Я, сказать по правде, обрадовался. Спать мне еще не хотелось, а от мышиной грызни и воспоминаний стало немного тоскливо, одиноко. Притом больной, значит, не женщина, значит, не самое страшное — не роды.
— Ходит он?
— Ходит, — зевая, ответила Аксинья.
— Ну, пусть идет в кабинет.
Лестница долго скрипела. Поднимался кто-то солидный, большого веса человек. Я в это время уже сидел за письменным столом, стараясь, чтобы двадцатичетырехлетняя моя живость не выскакивала по возможности из профессиональной оболочки эскулапа. Правая моя рука лежала на стетоскопе, как на револьвере.

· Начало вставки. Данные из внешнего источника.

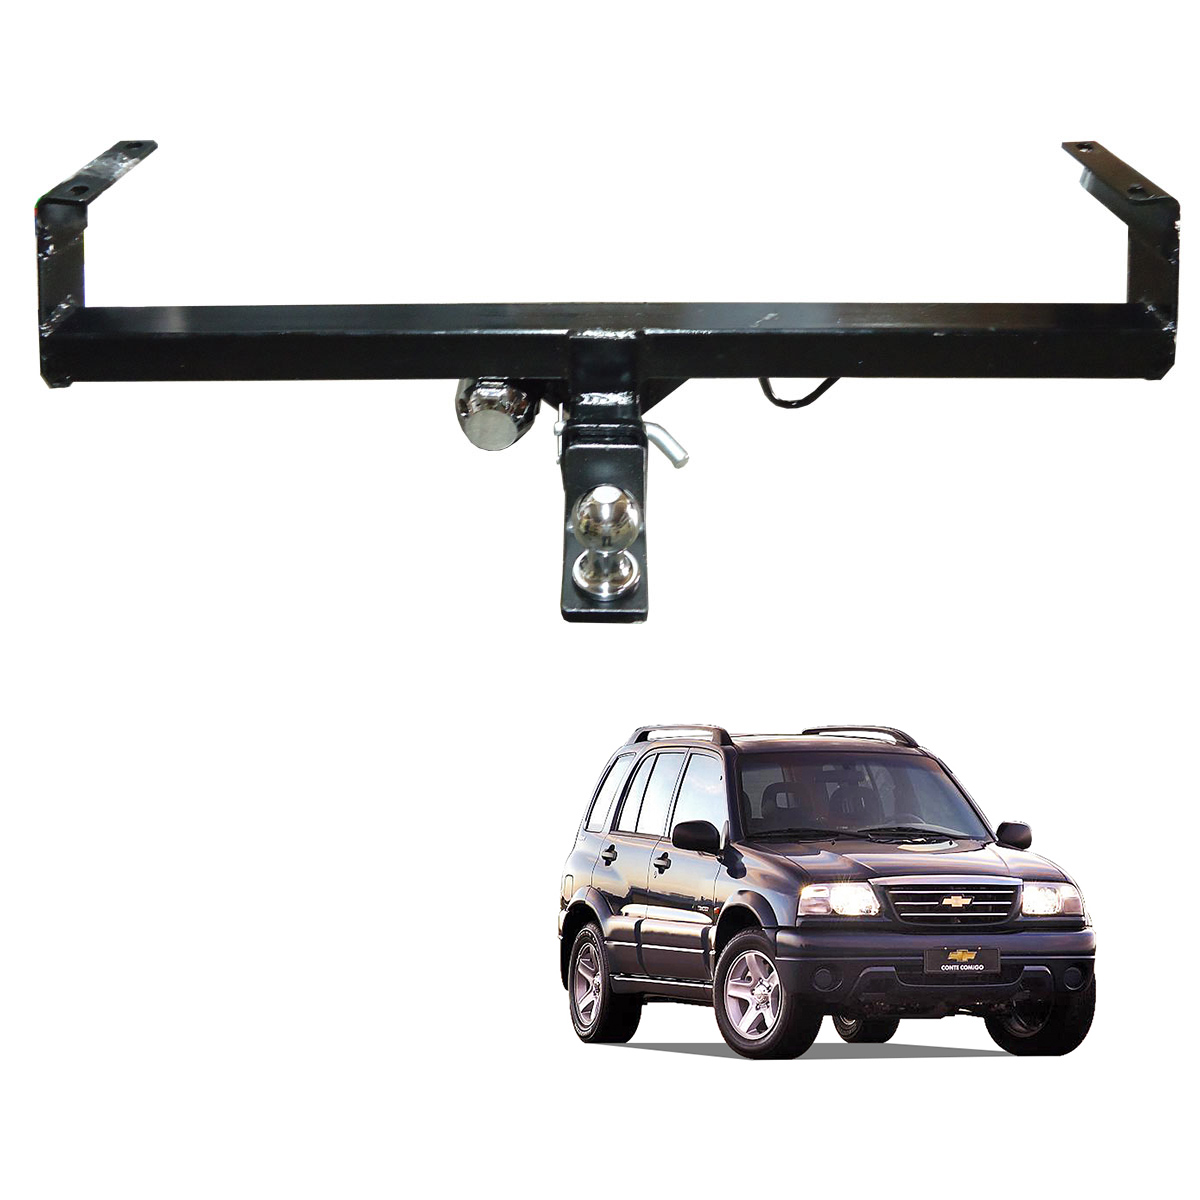 Engate de reboque Tracker 1999 a 2009 removível 1000 Kg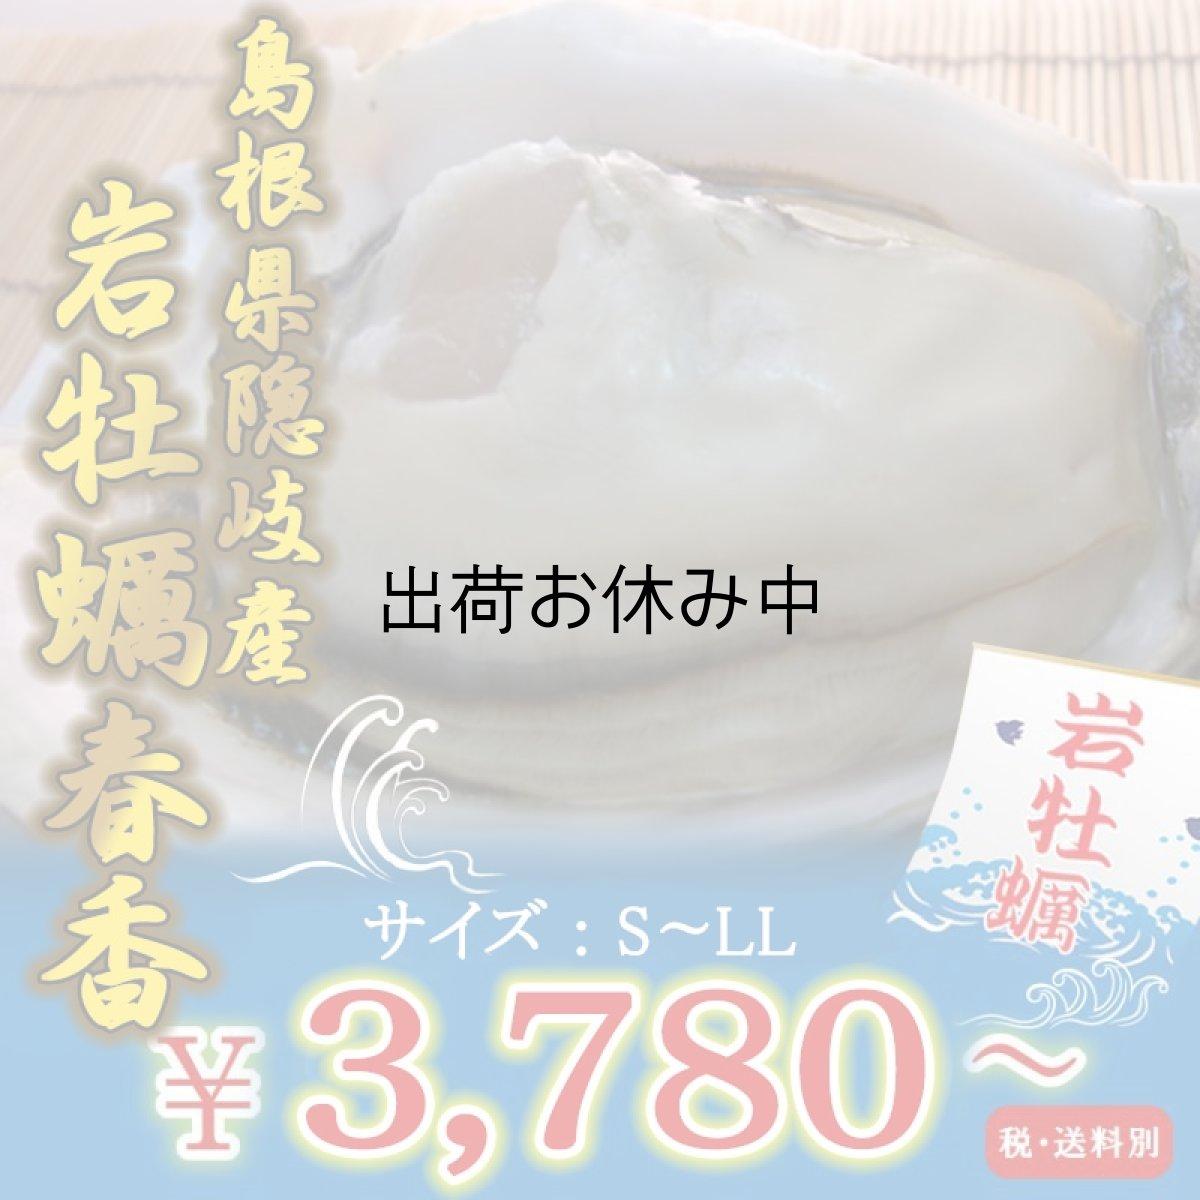 画像1: 島根隠岐産 岩牡蠣 春香 (3〜5月限定出荷) (1)

В дверь втиснулась фигура в бараньей шубе, валенках. Шапка находилась в руках у фигуры.
— Чего же это вы, батюшка, так поздно? — солидно спросил я для очистки совести.
— Извините, гражданин доктор, — приятным, мягким басом отозвалась фигура, — метель — чистое горе! Ну, задержались, что поделаешь, уж простите, пожалуйста!
«Вежливый человек», — с удовольствием подумал я. Фигура мне очень понравилась, и даже рыжая густая борода произвела хорошее впечатление. Видимо, борода эта пользовалась некоторым уходом. Владелец ее не только подстригал, но даже и смазывал каким-то веществом, в котором врачу, пробывшему в деревне хотя бы короткий срок, нетрудно угадать постное масло.
— В чем дело? Снимите шубу. Откуда вы?
Шуба легла горой на стул.
— Лихорадка замучила, — ответил больной и скорбно глянул.
— Лихорадка? Ага! Вы из Дульцева?
— Так точно. Мельник.
— Ну, как же она вас мучает? Расскажите!
— Каждый день, как двенадцать часов, голова начинает болеть, потом жар как пойдет... Часа два потреплет и отпустит.
«Готов диагноз!» — победно звякнуло у меня в голове.
— А в остальные часы ничего?
— Ноги слабые...
— Ага... расстегнитесь! Гм... так.
К концу осмотра больной меня очаровал. После бестолковых старушек, испуганных подростков, с ужасом шарахающихся от металлического шпателя, после этой утренней штуки с белладонной на мельнике отдыхал мой университетский глаз.
Речь мельника была толкова. Кроме того, он оказался грамотным, и даже всякий жест его был пропитан уважением к науке, которую я считаю своей любимой, — к медицине.